The following table lists all scrapers currently configured in the system:

Scraper Base URL Storage Folder Description
IOPScraper https://iopscience.iop.org {main_folder}/iopscience IOP Science journal articles and issues
MDPIScraper https://www.mdpi.com {main_folder}/mdpi MDPI journals including Remote Sensing, Geosciences, Atmosphere
SpringerScraper https://link.springer.com {main_folder}/springer Springer journals, books, and search results
AMSScraper https://journals.ametsoc.org {main_folder}/ams American Meteorological Society publications
CopernicusScraper Multiple Copernicus journals {main_folder}/copernicus 16+ Copernicus open-access journals
CopernicusCatalogueScraper https://www.copernicus.eu/ {main_folder}/copernicus Copernicus services catalogue
SeosScraper https://seos-project.eu {main_folder}/seos SEOS project educational materials
NCBIScraper https://www.ncbi.nlm.nih.gov {main_folder}/ncbi NCBI PubMed Central articles
CambridgeUniversityPressScraper https://www.cambridge.org {main_folder}/cambridge_university_press Cambridge University Press journals
OxfordAcademicScraper https://academic.oup.com {main_folder}/oxford_academic Oxford Academic journals
IEEEScraper https://ieeexplore.ieee.org {main_folder}/ieee IEEE Xplore open access articles
TaylorAndFrancisScraper https://www.tandfonline.com {main_folder}/taylor_and_francis Taylor & Francis journals
FrontiersScraper https://www.frontiersin.org/ {main_folder}/frontiers Frontiers in Remote Sensing
SageScraper https://journals.sagepub.com {main_folder}/sage SAGE Publications journals
EOGEScraper https://eoge.ut.ac.ir {main_folder}/eoge Earth Observations and Geomatics Engineering journal
ArxivScraper https://arxiv.org {main_folder}/arxiv arXiv preprints
WileyScraper Multiple Wiley domains {main_folder}/wiley Wiley journals (AGU, EOS, etc.)
EOSScraper https://eos.org/ {main_folder}/eos EOS Science News archives
ESAScraper Multiple ESA domains {main_folder}/esa ESA Earth Online, EO Portal, Sentiwiki
ElsevierScraper https://www.sciencedirect.com {main_folder}/elsevier ScienceDirect open access journals
NASAScraper Multiple NASA domains {main_folder}/nasa NASA EarthData, NTRS, EOS Portal
OpenNightLightsScraper https://worldbank.github.io/OpenNightLights/ {main_folder}/open_night_lights_scraper World Bank Open Night Lights documentation
WikipediaScraper https://en.wikipedia.org/ {main_folder}/wikipedia Wikipedia EO-related categories
MITScraper https://ocw.mit.edu/ {main_folder}/mit MIT OpenCourseWare
JAXAScraper https://earth.jaxa.jp/en/eo-knowledge {main_folder}/jaxa JAXA Earth Observation knowledge base
UKMetOfficeScraper https://library.metoffice.gov.uk {main_folder}/uk_met_office UK Met Office library
EOAScraper https://www.eoa.org.au/ {main_folder}/eoa Earth Observation Australia textbooks
ISPRSScraper https://www.isprs.org/ {main_folder}/isprs ISPRS publication archives
EUMETSATScraper Multiple EUMETSAT domains {main_folder}/eumetsat EUMETSAT documentation and case studies
EarthDataScienceScraper https://www.earthdatascience.org/ {main_folder}/earth_data_science Earth Data Science tutorials
DirectLinksScraper Various {main_folder}/miscellaneous Direct PDF links from multiple sources
IntechOpenScraper https://www.intechopen.com/ {main_folder}/intech_open IntechOpen books and chapters

Base Scraper Architecture

The scraping system is built on a set of abstract base classes that provide common functionality. Understanding these base classes is essential for extending or modifying the scraping behavior.

Base Class Descriptions

BaseScraper: The root abstract class that all scrapers inherit from. Provides core functionality including Selenium WebDriver management, cookie handling, S3 storage integration, database repository access, and analytics tracking. Every scraper implements the abstract scrape() method defined here.

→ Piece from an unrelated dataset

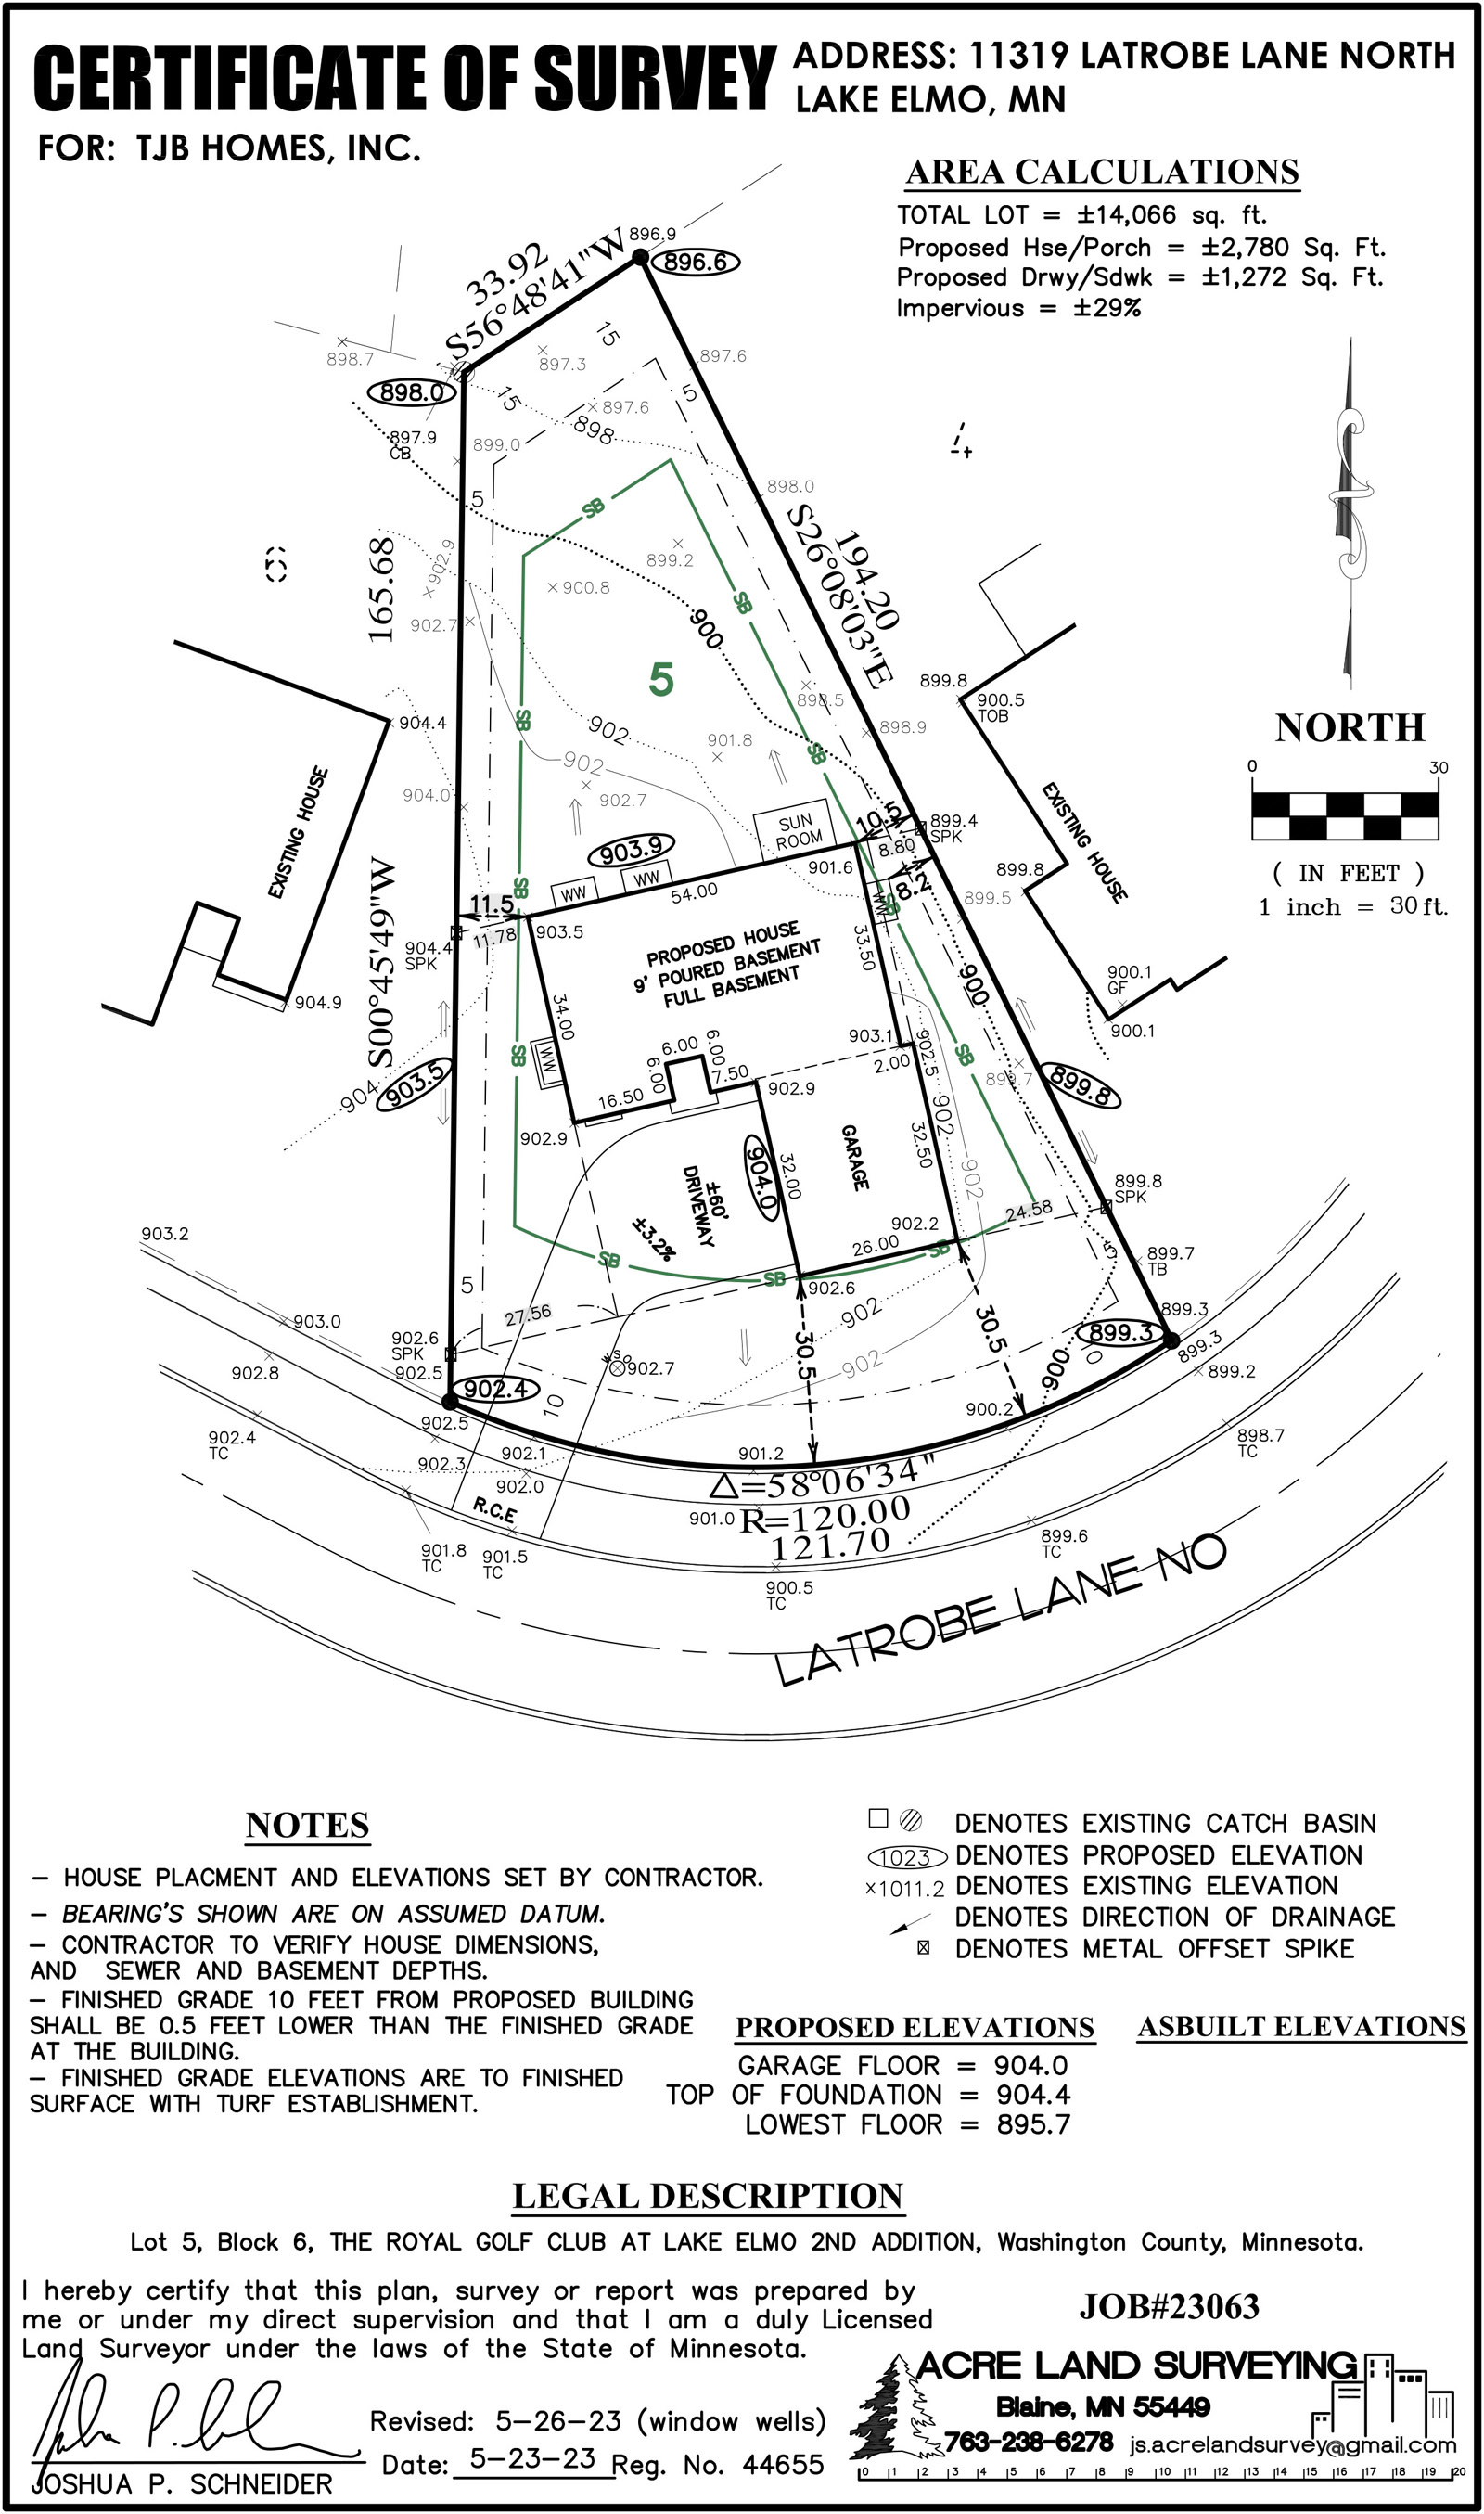 11319 Latrobe Drive, Lake Elmo, MN Home Site Survey

BaseIterativePublisherScraper: Designed for publishers that organize content in a journal → volume → issue hierarchy. Iterates through volumes and issues systematically, with support for handling missing volumes/issues using consecutive threshold logic.

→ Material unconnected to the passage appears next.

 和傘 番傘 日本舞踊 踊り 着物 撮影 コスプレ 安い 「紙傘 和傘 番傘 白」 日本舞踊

BasePaginationPublisherScraper: Handles publishers with paginated search results or article listings. Automatically navigates through pages until no more results are found, with configurable page sizes and maximum paper limits.

BaseUrlPublisherScraper: Used for publishers where content URLs follow predictable patterns. Processes lists of URLs and extracts content directly without complex navigation.

BaseMappedPublisherScraper: For publishers that require mapping between different URL structures or identifiers before scraping content. Provides a two-stage process: first mapping, then scraping.

BaseCrawlingScraper: Implements recursive web crawling from a starting URL. Follows links within the same domain and extracts content from all discovered pages. Useful for documentation sites and knowledge bases.

BaseSourceDownloadScraper: Specialized for direct file downloads where download URLs are known in advance. Handles PDF and other document formats directly without HTML parsing.

Adding a New Scraper

To extend the pipeline with a new scraper, follow these steps:

1. Create Scraper File

Create a new file in the scraper folder with the name of your scraper:

# scraper/new_publisher_scraper.py
from scraper.base_scraper import BaseScraper
from model.new_publisher_models import NewPublisherConfig

class NewPublisherScraper(BaseScraper):
    """
    Scraper for New Publisher website.
    """

    @property
    def config_model_type(self):
        """Return the Pydantic model for configuration."""
        return NewPublisherConfig

    def scrape(self):
        """
        Scrape the website and return scraped data.

        Returns:
            dict: Dictionary containing scraped data
        """
        # Implement your scraping logic here
        # Use self._driver for Selenium operations
        # Use self._config_model to access configuration

        scraped_data = {}

        for source in self._config_model.sources:
            # Navigate to URL
            self._driver.open(source.url)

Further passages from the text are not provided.